When you have the tool, it comes down to buy in
Without buy in, we are back to “Communication isn’t great”. The best communication I have seem in a software development department, is when every level of management is involved. Can a junior engineer ask a question of the Head of Development? Can a product owner discuss something easily with several development teams? I am fairly sure in Silicon Valley this is a given, but this has been a struggle in the companies I have worked for. Folks love the email
So why not email? This, for me, goes back to “People do not scale”. If I email Sandra in Product Management, and she is swamped trying to deal with Change Management to ship the next release, she won’t be bothered about my email. However, if you can ask a question in a public forum, I bet someone in Product Management can answer me.

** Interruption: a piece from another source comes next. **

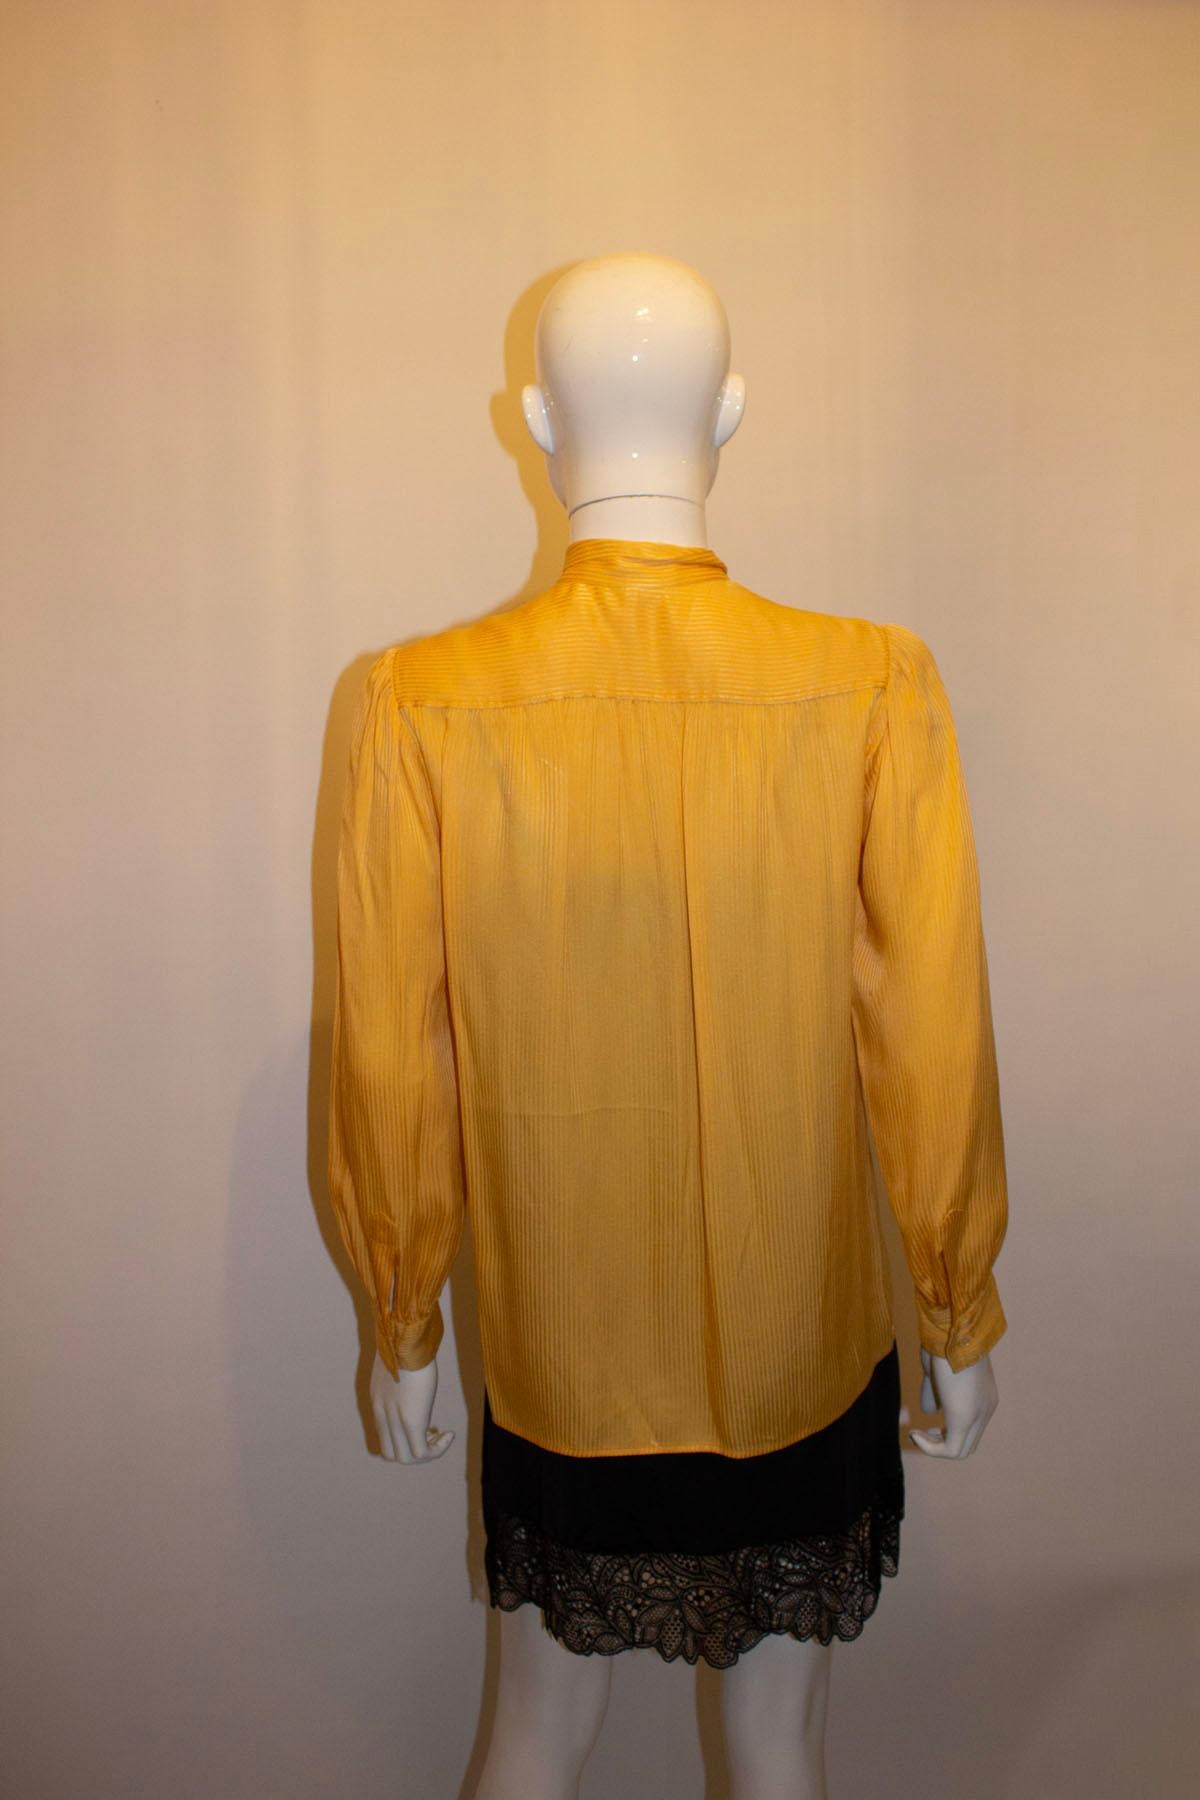 Eine tolle Vintage-Seidenbluse von Yves Saint Laurent Rive Gauche.  Die sonnengelbe Bluse wird im Nacken mit einem einzigen Knopf geschlossen, hat eine Fliege, Manschetten mit einem Knopf und Raffungen an der Passe, vorne und hinten. 
Größe 34 Maße:

But email can do this (group mailboxes etc)? Very poorly, because I suspect the person replying to the email clicks “reply”. Does everyone know the answer now? Do people know that a response has happened, and no longer need to action the request?
An online, public forum of communication is a better way to communicate to all and sundry. In my personal opinion, this gets more engagement across the department. I’ve seen it work and it’s beautiful 💜
Etiquette
So, as a remote engineer, some requests to you co-located folks around communication
- Can meetings be online meetings, where we all interact the same way? Can we all sit at our desks and use the same tools, so no-one is disadvantaged. Yes, face to face is better, I cannot really argue with that, but folks need to be pragmatic and aware of other people’s needs
- Planned - It’s all too easy to rock up at someone’s desk and start a meeting. Are remote people being engaged, I suspect not
- Please use video cameras in meeting rooms, if it is provided - I cannot see body language otherwise. I cannot see the people in the room. I cannot participate in the same way you all can
- If you cannot use a video camera, can the chairperson please state who is in the room at the start of the meeting, so I can calibrate my communication style
- Can the chairperson please facilitate my engagement by providing cues as to when I can speak. Without this, or a video camera, I cannot anticipate the room as to when I can contribute. Worse case scenario for me is I will struggle to communicate, or you perceive me to be “talking over the top of people”

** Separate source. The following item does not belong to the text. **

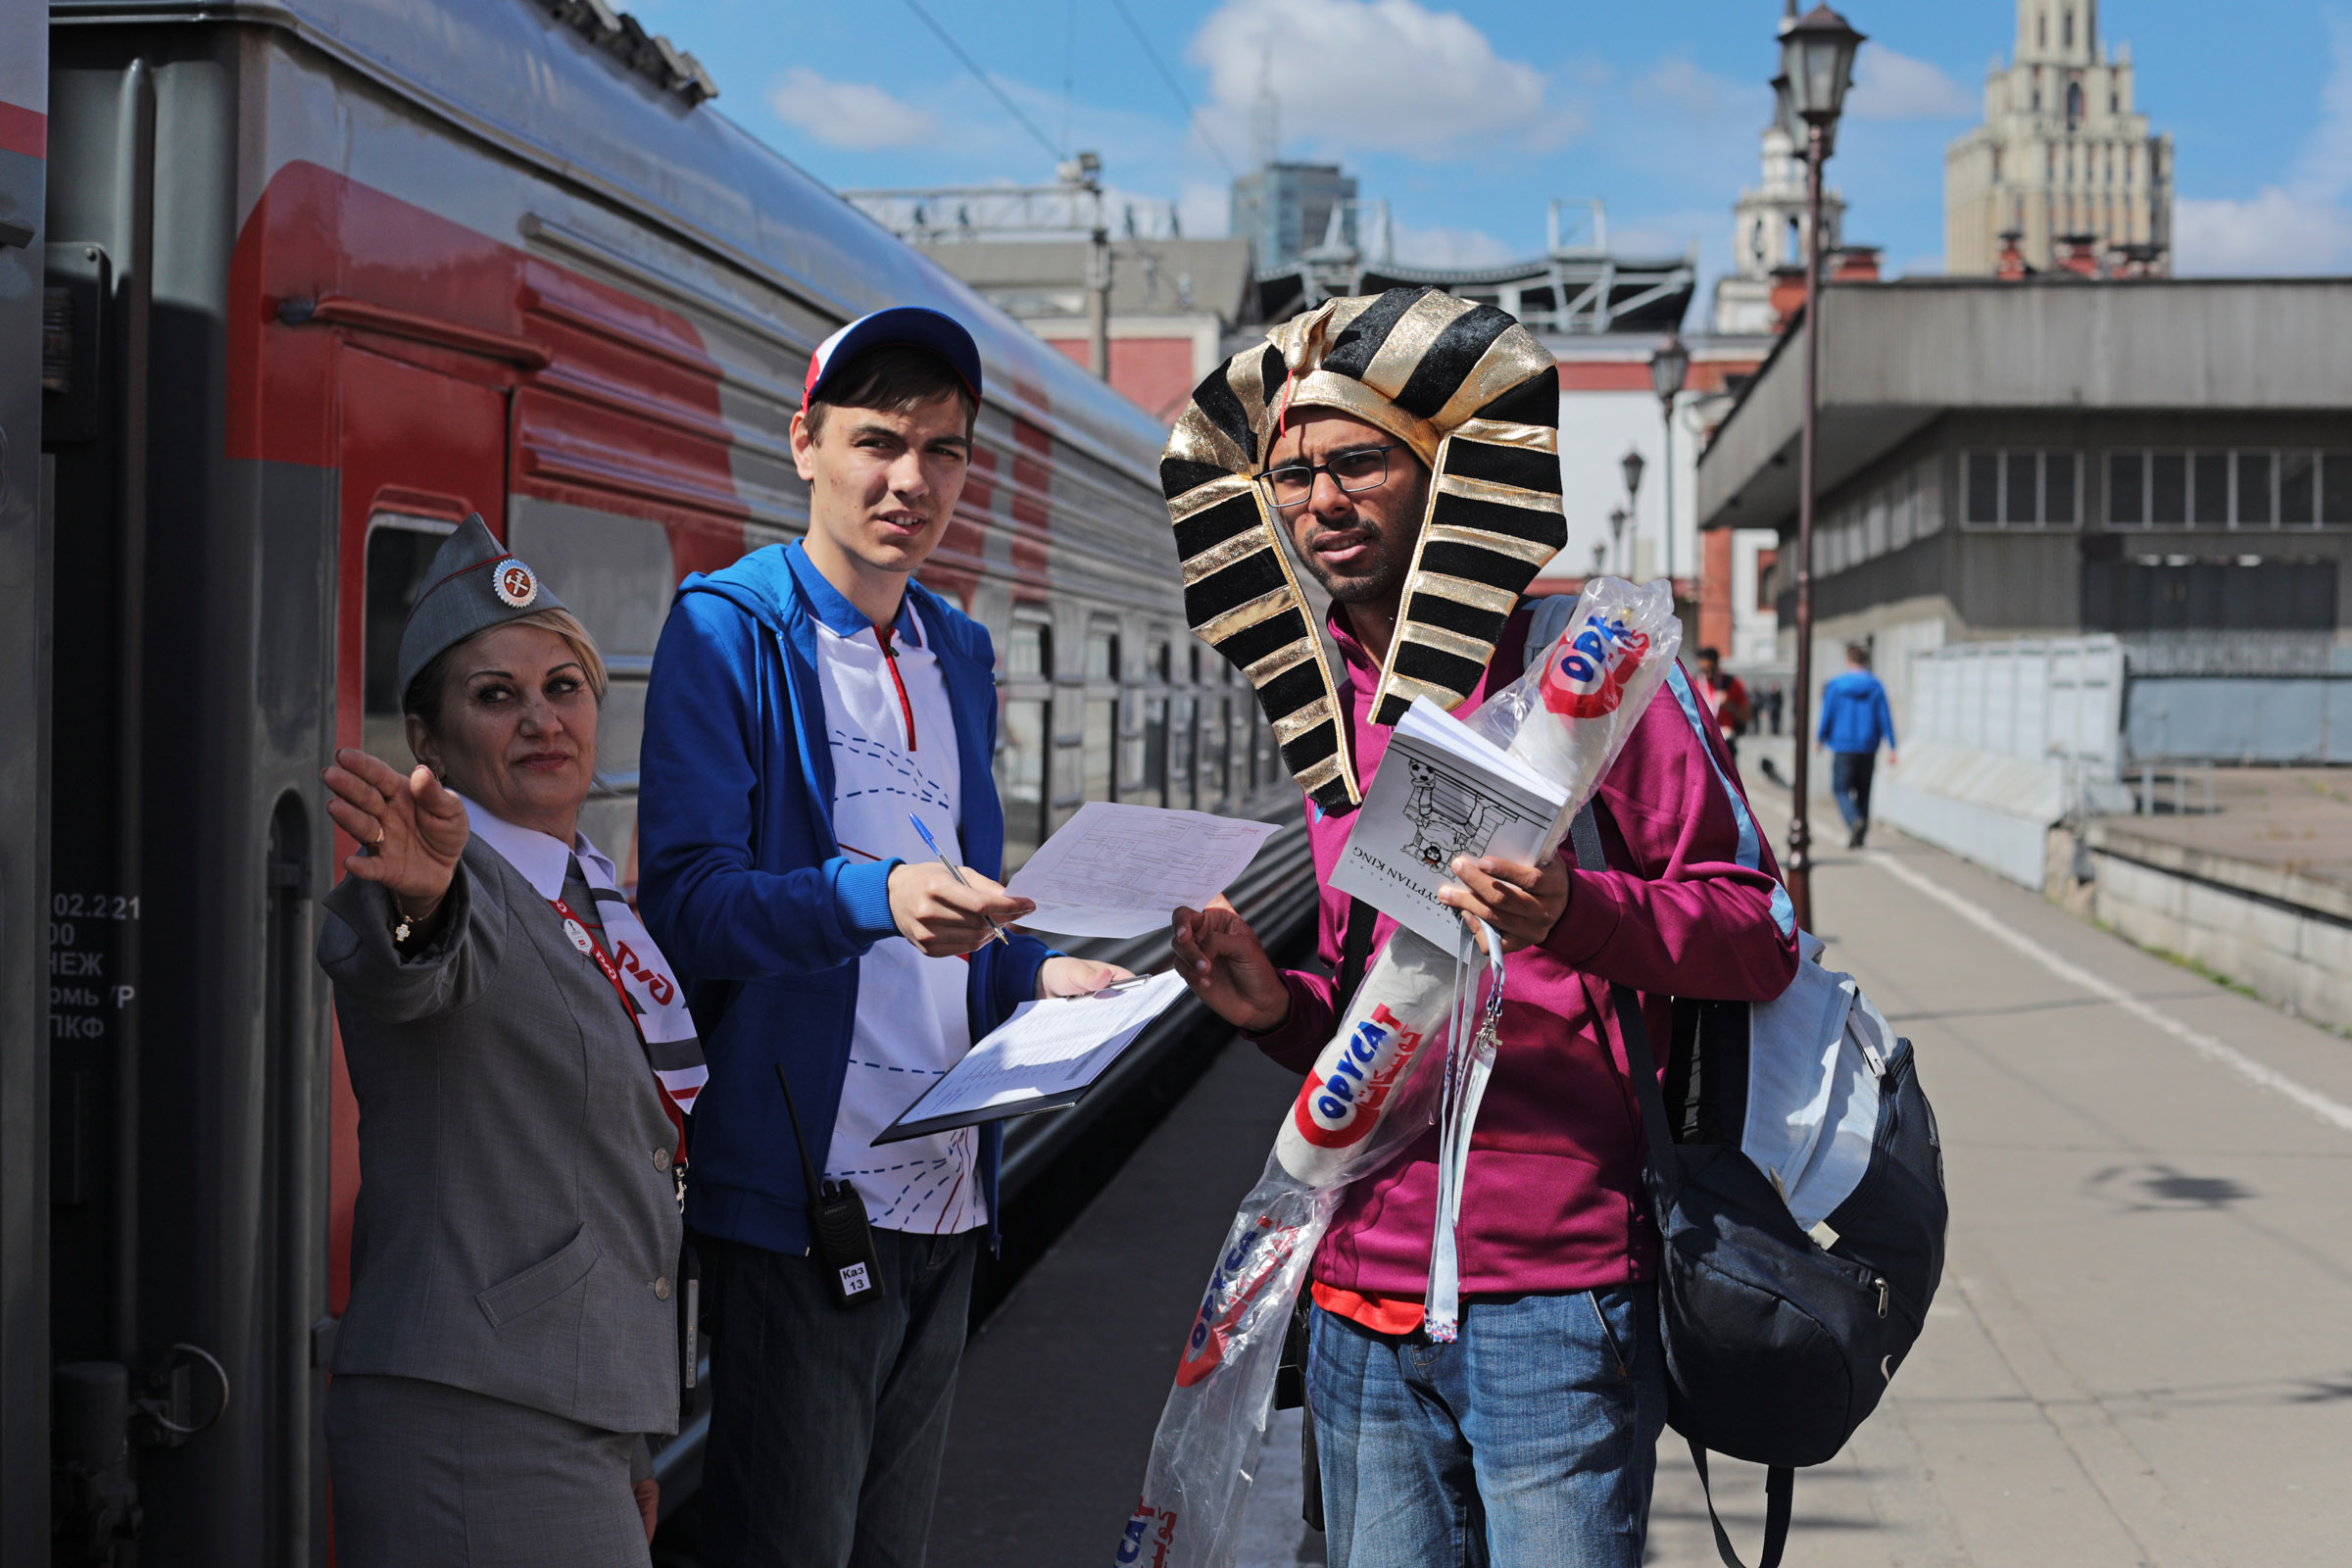 Утром 14 июня на Казанском вокзале Москвы иностранцы ждали бесплатный поезд в Екатеринбург, где 15 июня пройдет матч между сборными Египта и Уругвая

- Don’t forget the remote people on the call. I have been in some meetings where the co-located group have obviously decided the meeting was over and carried on the conversation whilst leaving the room. This is very awkward
Summary
Without decent communication, you are failing. The team, the company, yourself. I bet you most issues could have been avoided if communication was rocking the day, and we were all joined up (That’s the 2nd cliche of the day).
The world is changing, and I see folks posting on twitter about all these big companies wanting software engineers in Silicon Valley, yet there is an entire planet out there with awesome engineers just waiting to be engaged. So let’s get better at the online, collaborate communication, so we can all win.